From: Juhani R. <jr...@ik...> - 2006-03-07 06:16:37
|
On Mon, 6 Mar 2006, David Coulson wrote: > I've been beta testing VMWare ESX 3.0 with IET, and the guys from VMWare > told me this: > > By the way, looking at IET ver. 0.4.13 they do not seem to handle > RESERVE/RELEASE correctly (it always OK them no matter what), so I would > not recommend it for shared VMFS (it is guaranteed to corrupt your VMFS > sooner or later). > > Can someone explain if this will be fixed in IET soon? I made patch for it but reveals big problems with IET reset handling and most of the times it results to BUG() when cluster does failover using target RESET. You can check archives for the patch if you're interested (I'm not sure if it still applies cleanly). I've been planning to get back to it but haven't had time to deepdive to iet code and check what's wrong with reset handling (there is something definitely wrong if you check mailinglist by seraching for BUG()). Good news it is that even without patch cluster works correctly as long as cluster nodes have somekind of connection.
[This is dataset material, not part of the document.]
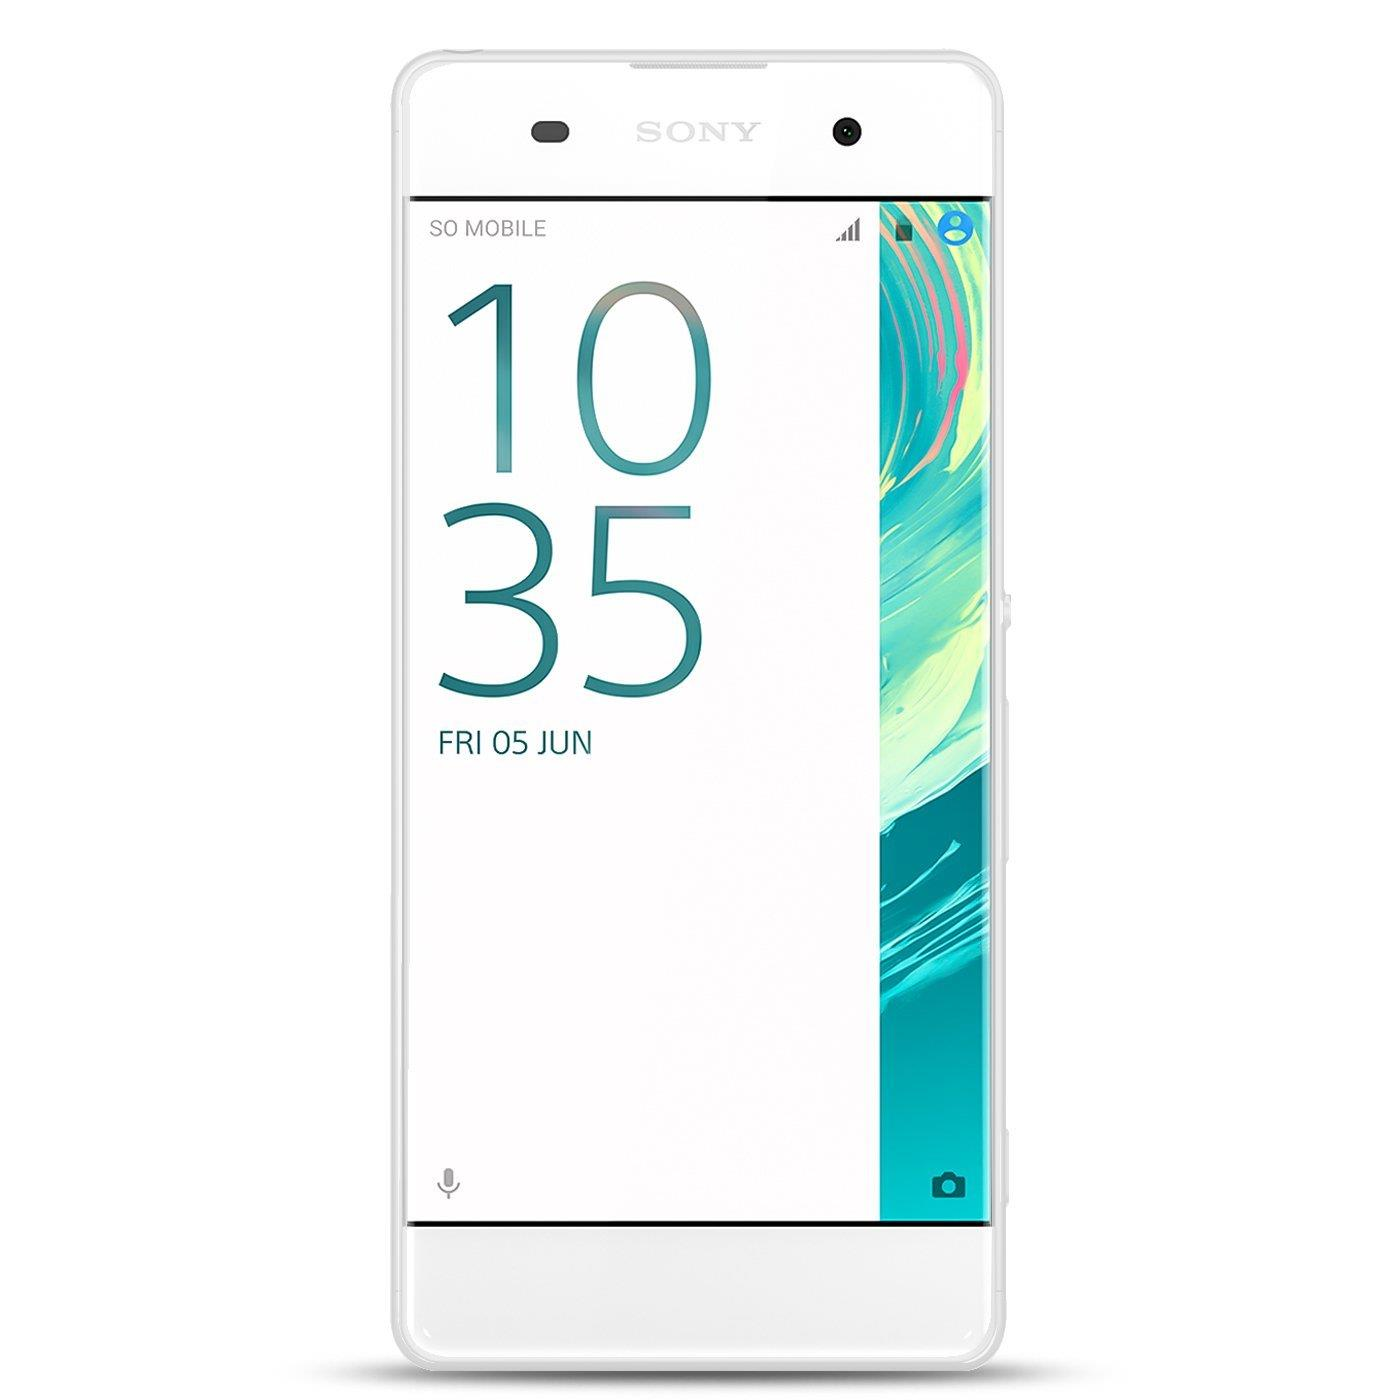 Sony-Xperia-X-Silikon-Gel-S-Line-Case-Cover-Ultra-Thin-Slim-Back-Bumper Indexbild 28

One time when real corruption can happen is when for some reason both nodes are alive but can't see each other. This is moment when the inactive node tries to come active and sends RESERVE which succeeds and starts to use disk. The other node also continues to use disk because it also has RESERVE which it thinks is valid. One way to make sure that this doesn't happen is to keep heartbeat in every connection and make sure that machines can also reach each other through those connections. With my patch inactive node doesn't succeed with RESERVE so it sends target RESET and that most of the time this triggers BUG() in iet. > David Juhani -- Juhani Rautiainen jr...@ik... |